WHAT IS REQUIRED:
Copy out each line below verbatim, skipping any picture.

STORED DATA:
>>>

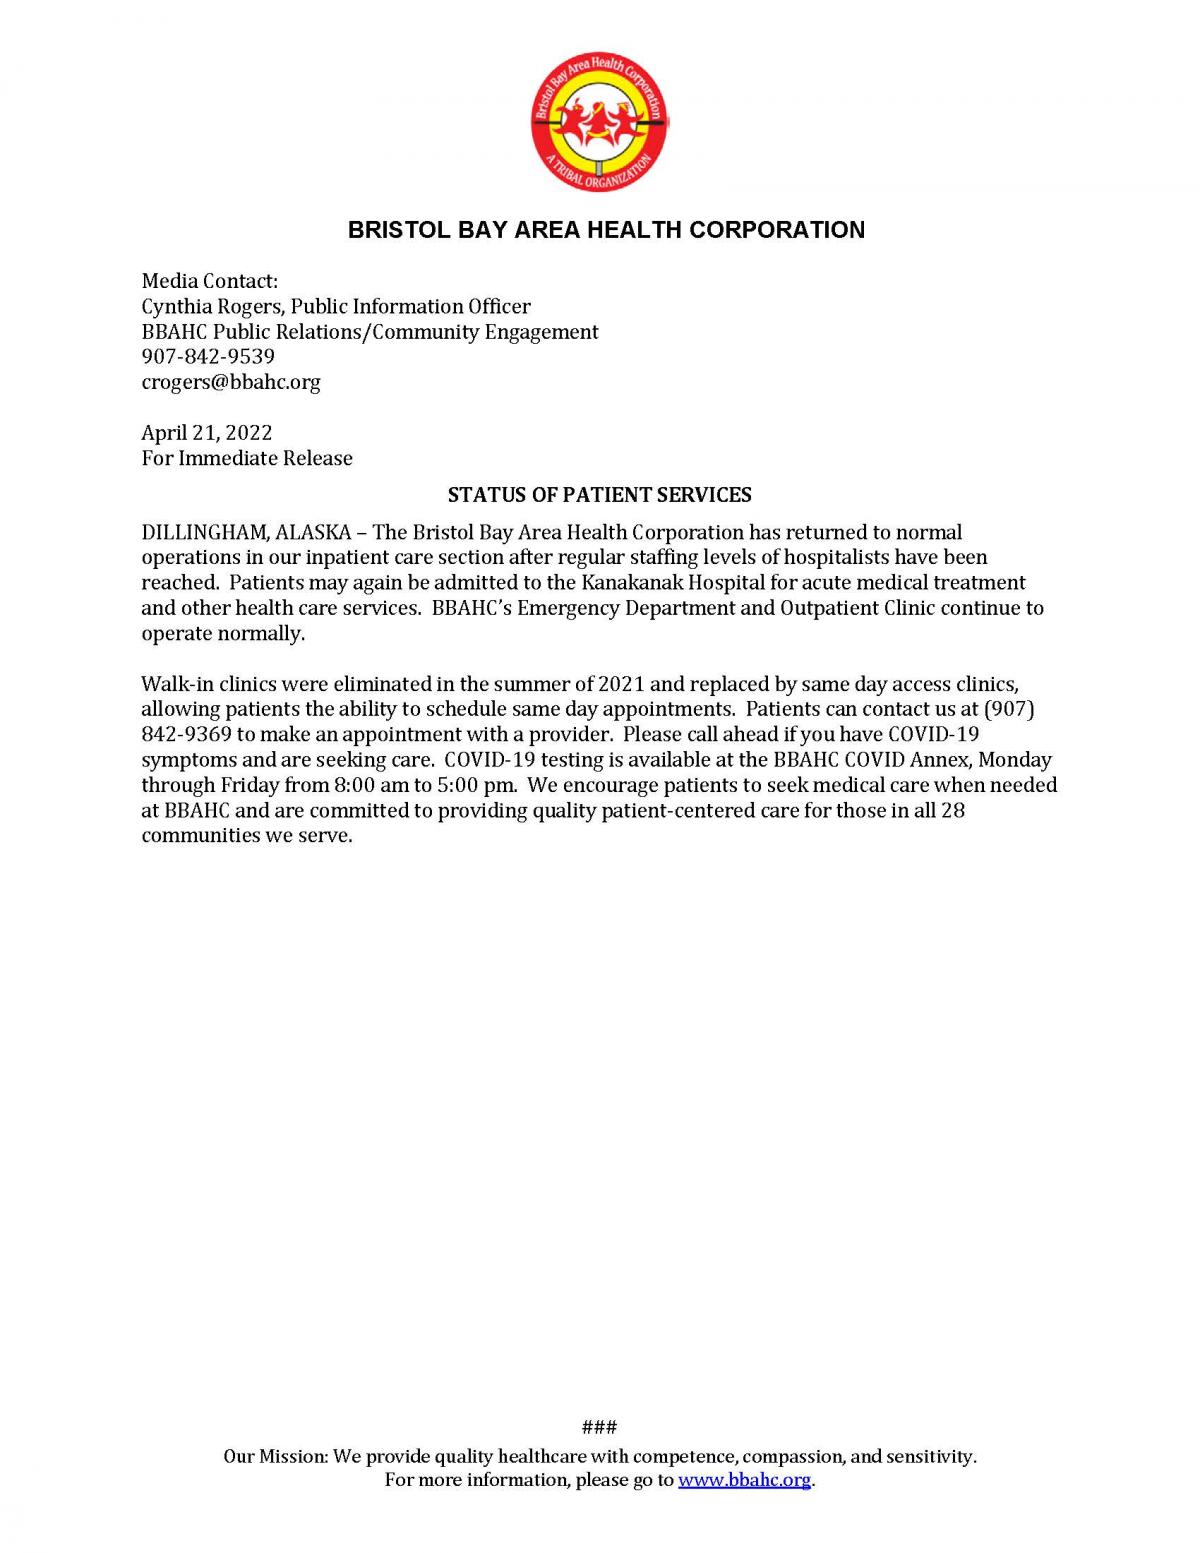 April 21, 2022 Bristol Bay Area Health Corporation Press Release
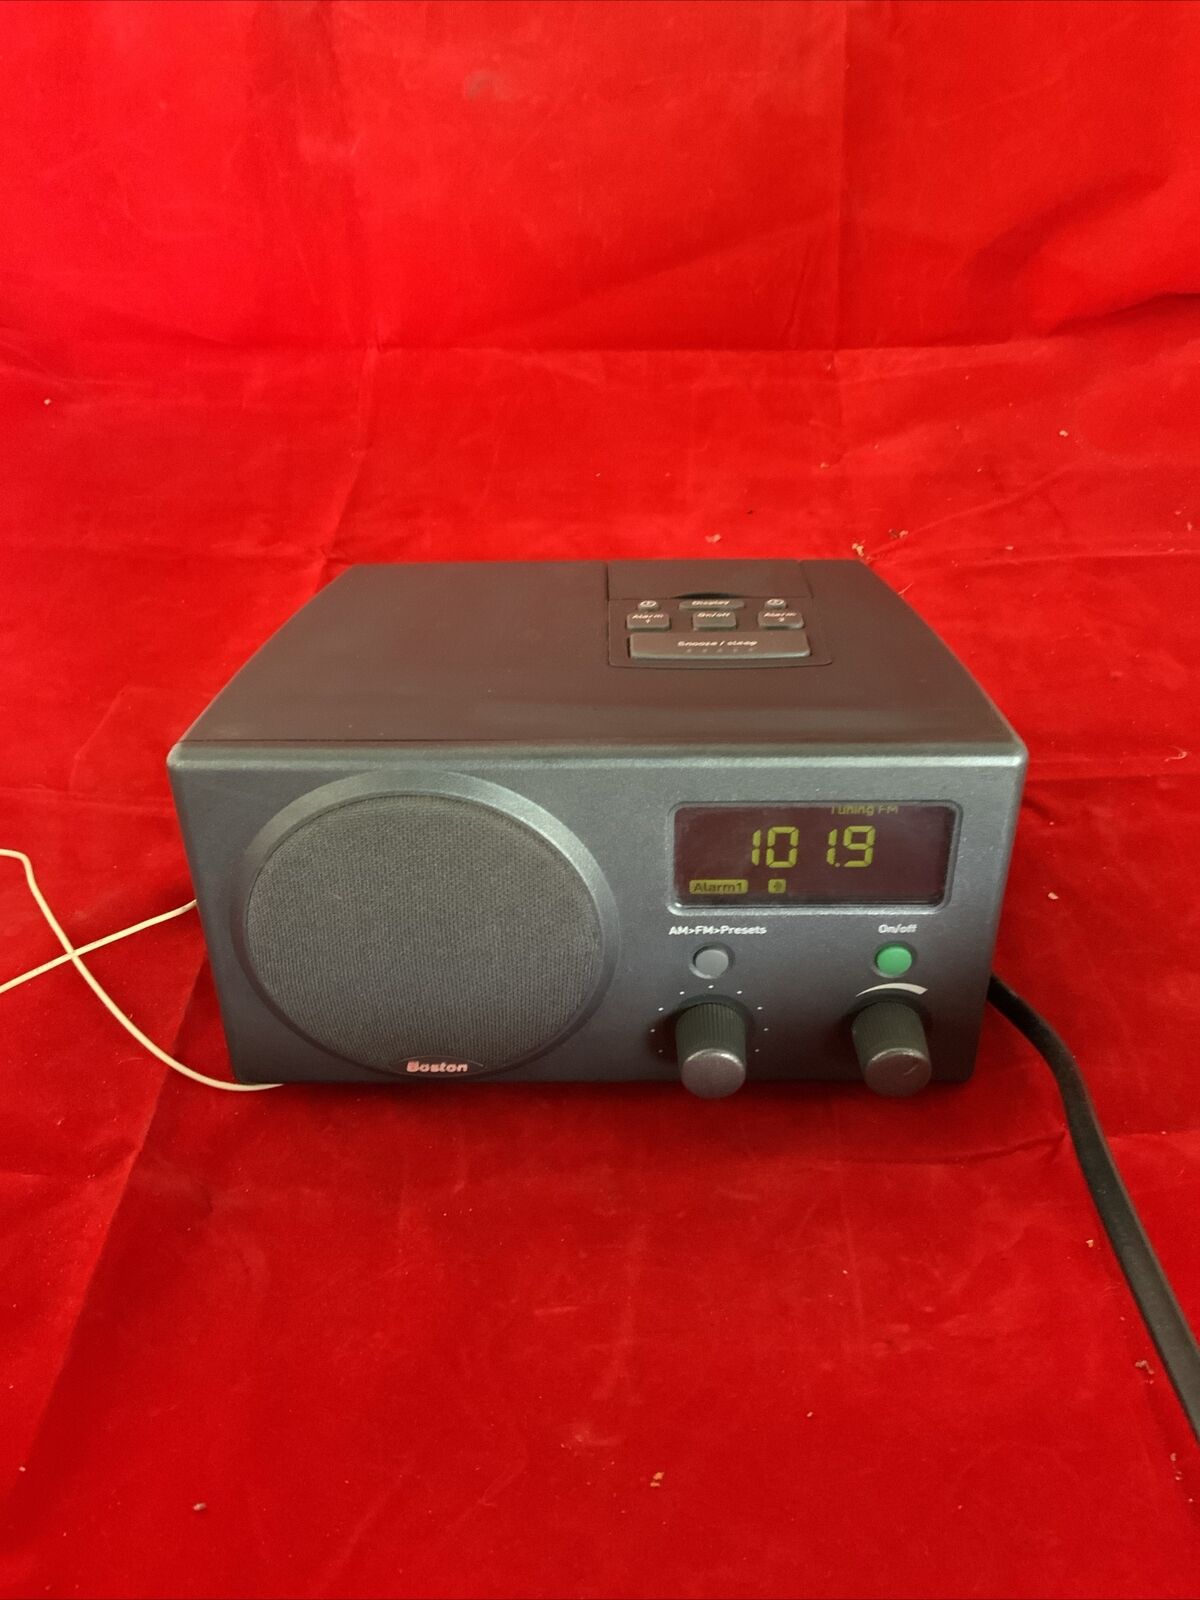 Boston Acoustics Recepter Radio AM FM Dual Alarm Clock Radio Black Tested Great
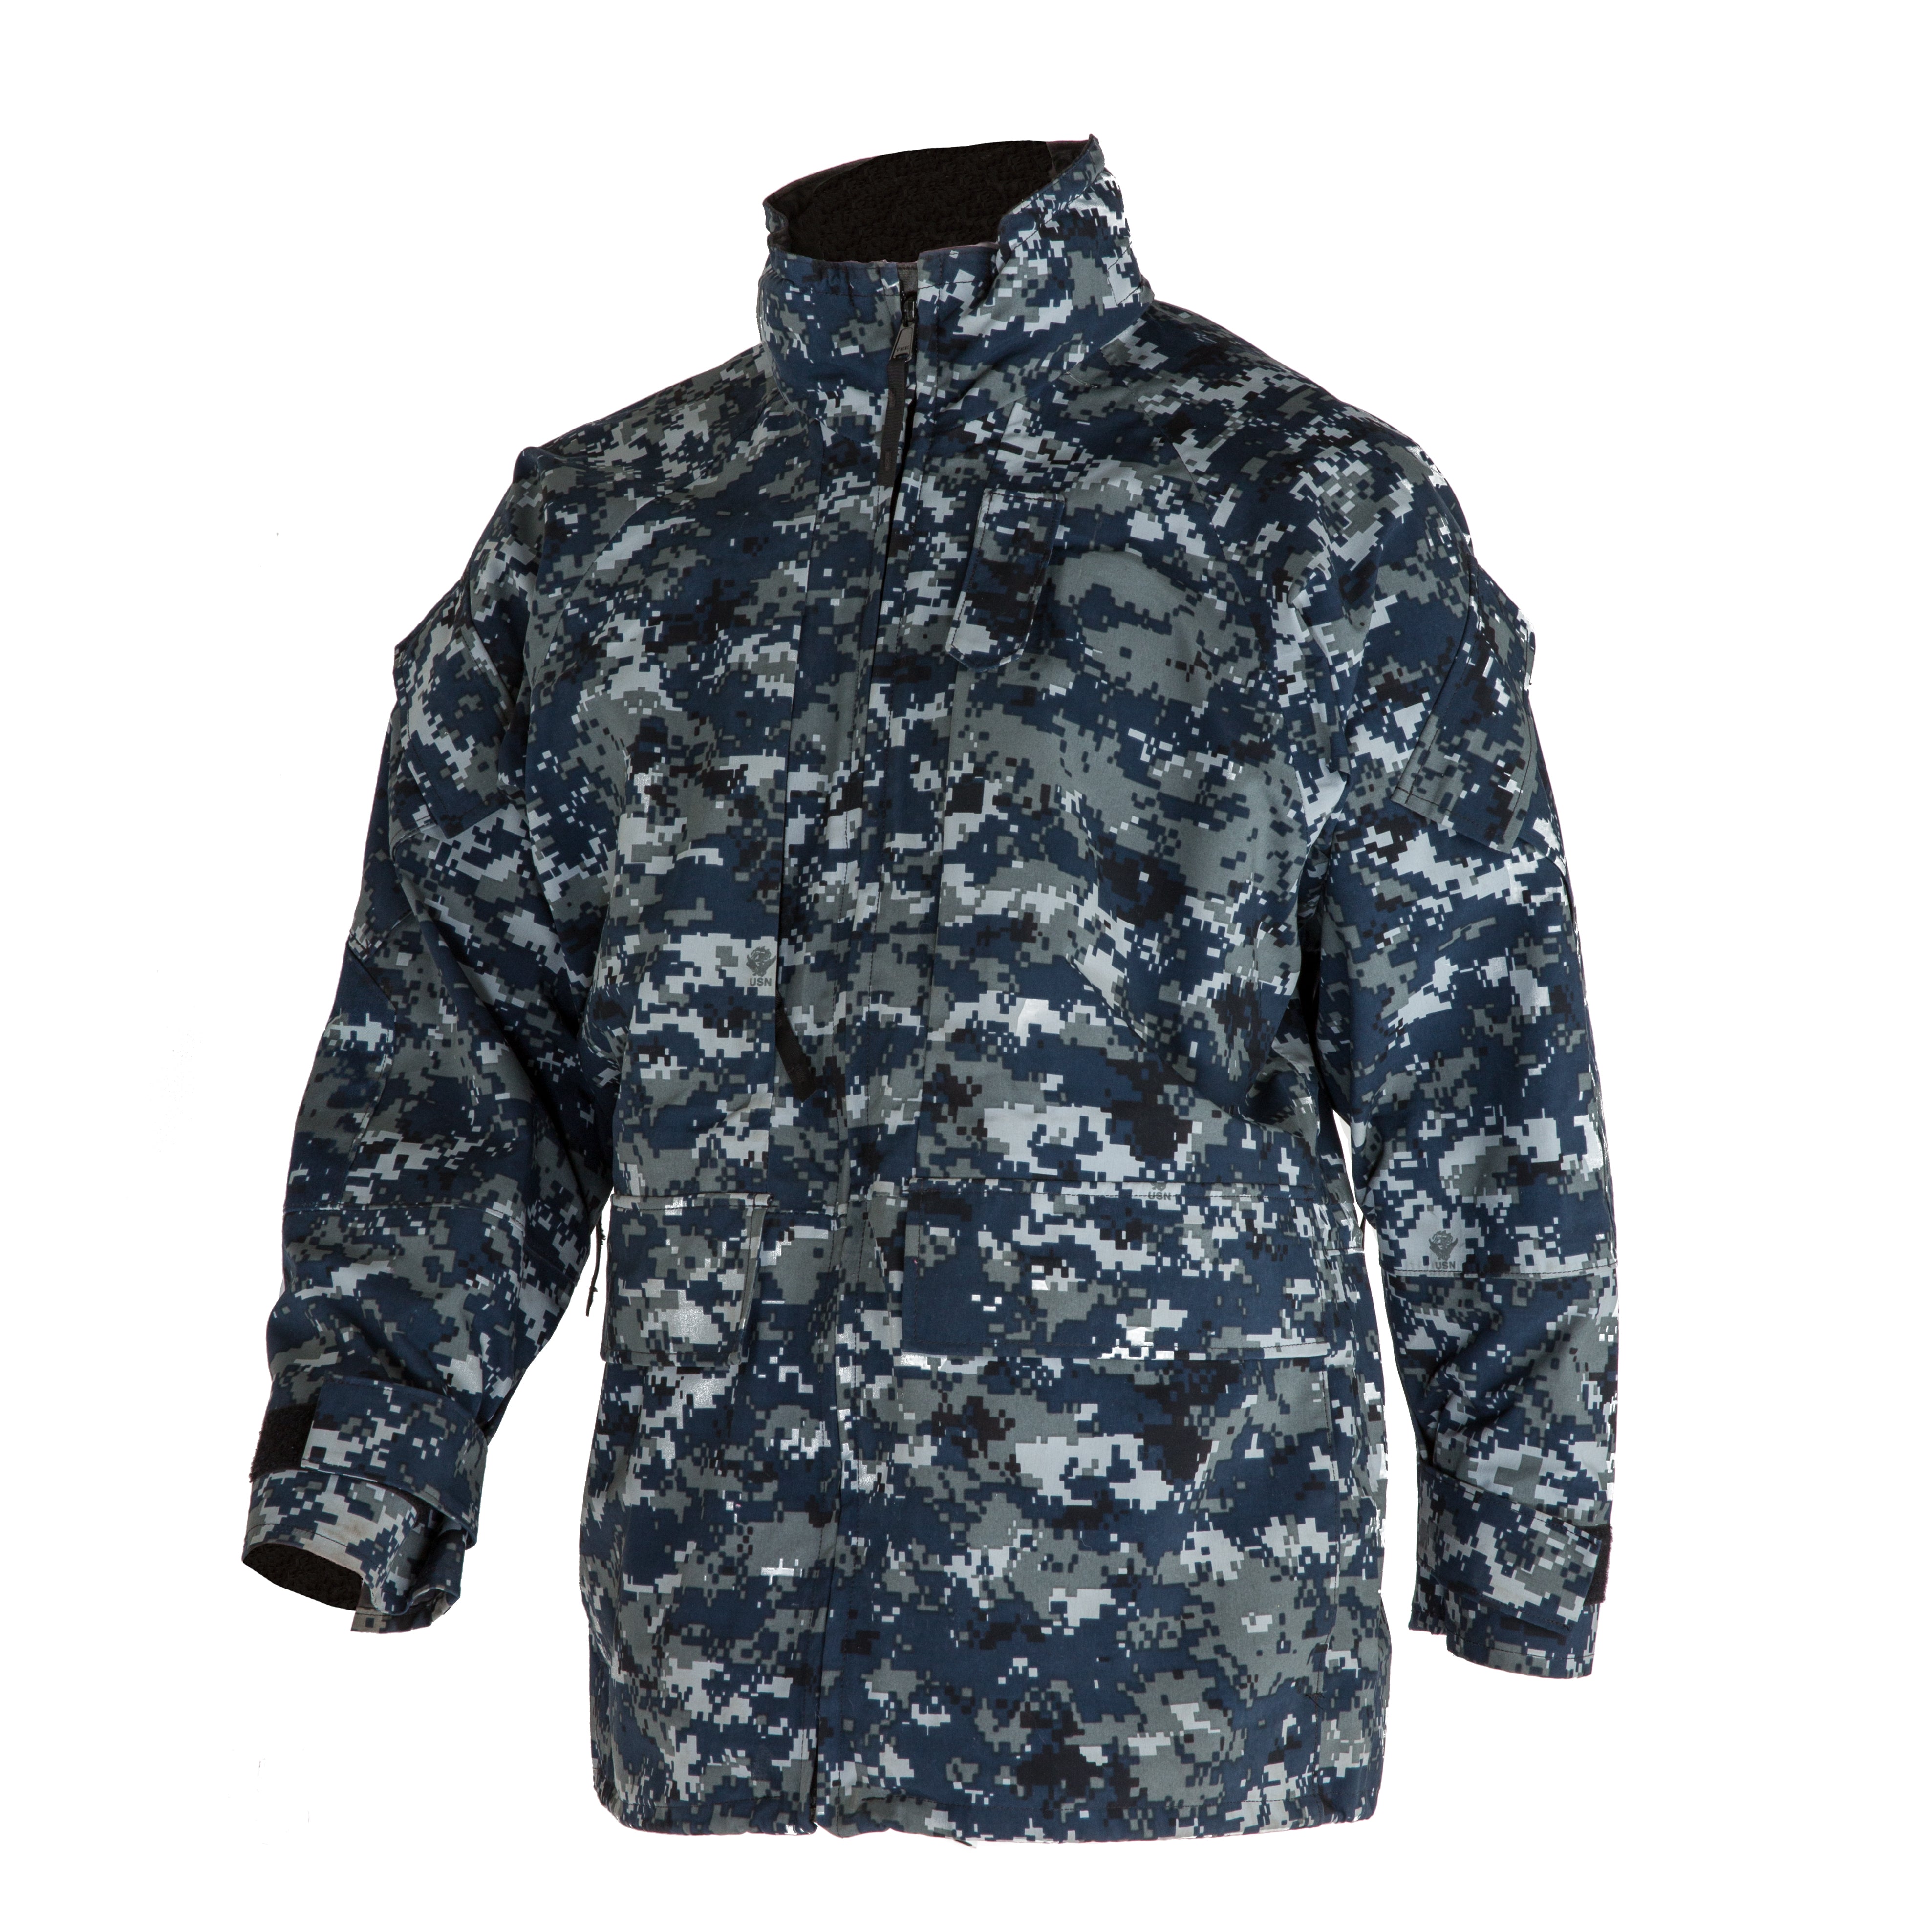 Navy Camo Utility Jacket

<<<

SOLUTION TO THIS PROBLEM:
 April 21, 2022 Bristol Bay Area Health Corporation Press Release
 Boston Acoustics Recepter Radio AM FM Dual Alarm Clock Radio Black Tested Great
 Navy Camo Utility Jacket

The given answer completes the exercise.